Understanding advanced encryption standard on basic level doesn’t require a higher degree in computer science or Matrix-level consciousness — let’s break AES encryption down into layman’s terms

Hey, all. We know of security of information to be a hot topic since, well, forever. We entrust our personal and sensitive information to lots of major entities and still have problems with data breaches, data leaks, etc. Some of this happens because of security protocols in networking, or bad practices of authentication management — but, really, there are many ways that data breaches can occur. However, the actual process of decrypting a ciphertext without a key is far more difficult. For that, we can thank the encrypting algorithms — like the popular advanced encryption standard — and the secure keys that scramble our data into indecipherable gibberish.

Let’s look into how AES works and different applications for it. We’ll be getting a little into some Matrix-based math — so, grab your red pills and see how far this rabbit hole goes.

Let’s hash it out.

What is AES (Advanced Encryption Standard) Encryption?

You may have heard of advanced encryption standard, or AES for short but may not know the answer to the question “what is AES?” Here are four things you need to know about AES:

  • What’s behind the name? AES is a variant of the Rijndael family of symmetric block cipher algorithms, which is a combination of two Belgian cryptographers’ names, Joan Daemen and Vincent Rijmen. (It’s sort of like those combo celebrity names like “Brangelina” and “Kimye”).
  • Where is AES used? AES encryption is commonly used in a lot of ways, including wireless security, processor security, file encryption, and SSL/TLS. In fact, your web browser probably used AES to encrypt your connection with this website:
  • Why is AES so popular? AES has proved to be very effective and efficient and, given the correct key, adds little to no-noticeable difference in overhead for any process where it is utilized.
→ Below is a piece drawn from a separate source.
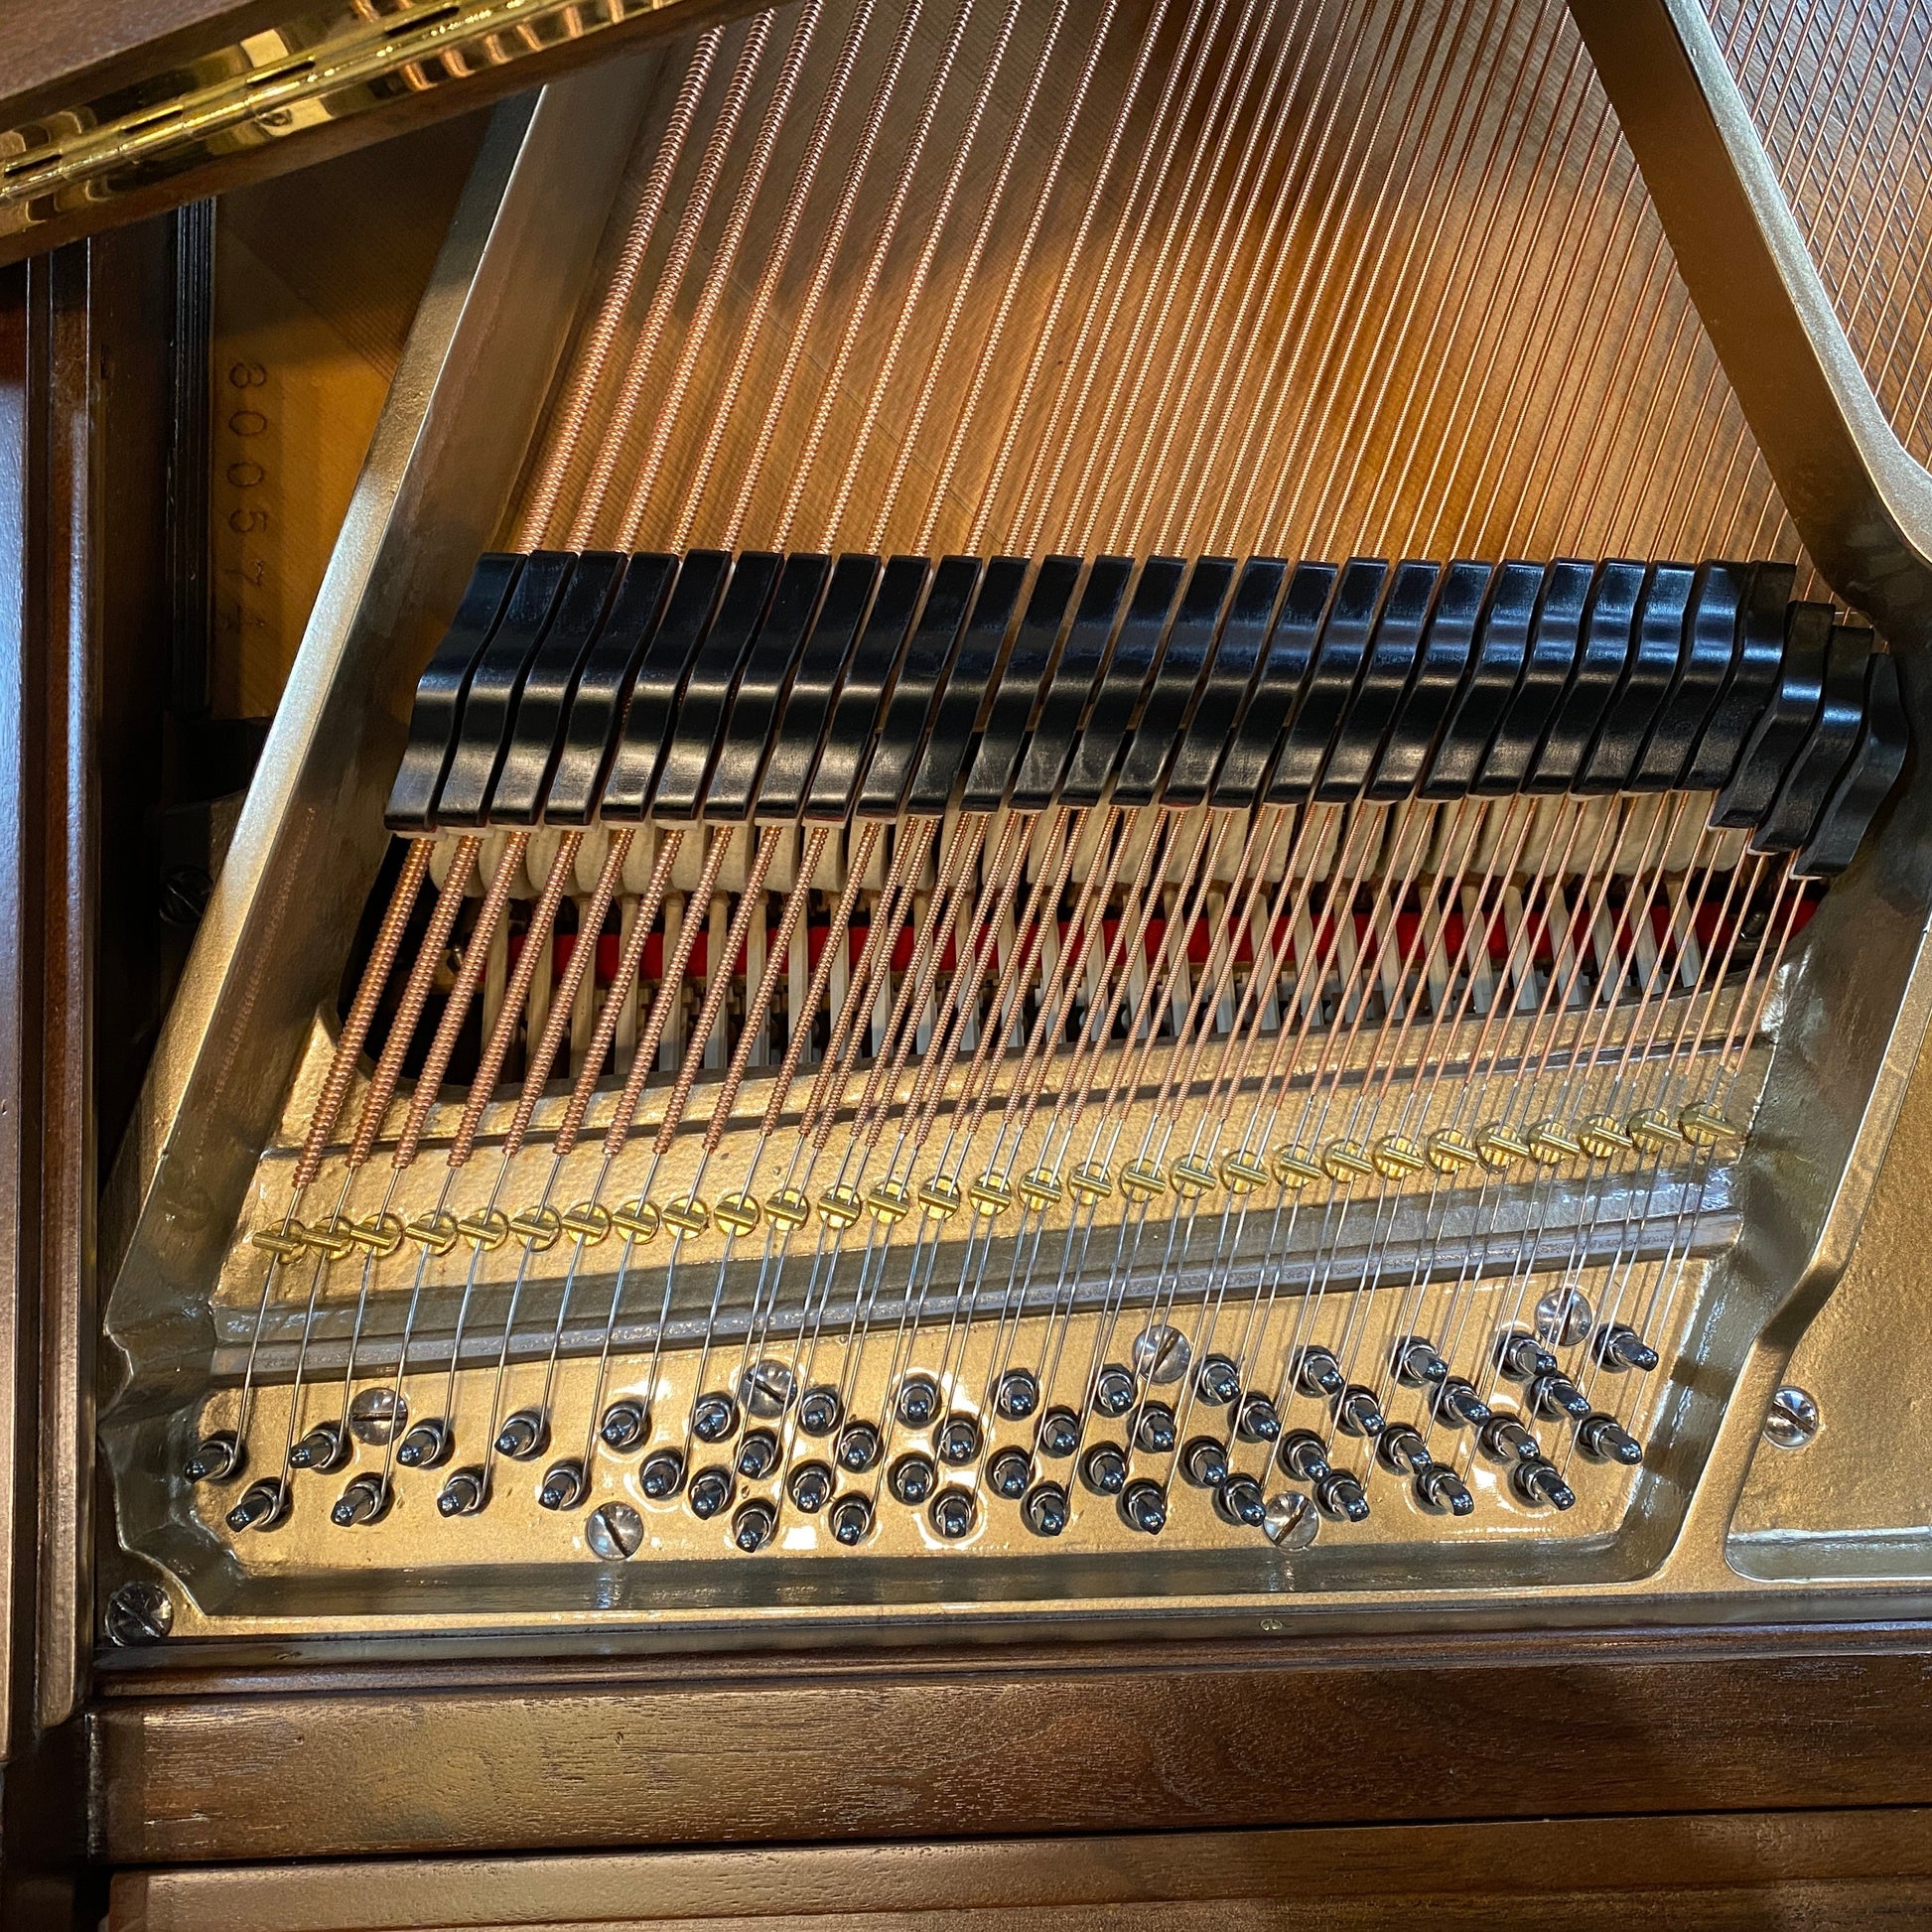 Image 13 of Vintage Family Heirloom Baby Grand Piano - Commissioned for Restoration & Refinishing!

Essentially, AES is a fast and highly secure form of encryption that is a favorite of businesses and governments worldwide.
  • How secure is AES? With a 256-bit encryption key, AES is very secure — virtually unbreakable. (More on that in just minute.)

Why Advanced Encryption Standard Is the Standard

The National Institute of Standards and Technology (NIST) established AES as an encryption standard nearly 20 years ago to replace the aging data encryption standard (DES). After all, AES encryption keys can go up to 256 bits, whereas DES stopped at just 56 bits. NIST could have chosen a cipher that offered greater security, but the tradeoff would have required greater overhead that wouldn’t be practical. So, they went with one that had great all-around performance and security.

AES’s results are so successful that many entities and agencies have approved it and utilize it for encrypting sensitive information. The National Security Agency (NSA), as well as other governmental bodies, utilize AES encryption and keys to protect classified or other sensitive information. Furthermore, AES is often included in commercial based products, including but limited to:

  • Wi-Fi (can be used as part of WPA2)
  • Mobile apps (such as WhatsApp and LastPass)
  • Native Processor Support
  • Libraries in many software development languages
  • VPN Implementations
  • Operating system components such as file systems

How Strong Is Advanced Encryption Standard? A 256-Bit Key Takes Virtually Forever to Crack

Although it wouldn’t literally take forever, it would take far longer than any of our lifetimes to crack an AES 256-bit encryption key using modern computing technology. This is from a brute force standpoint, as in trying every combination until we hear the “click”/unlocking sound.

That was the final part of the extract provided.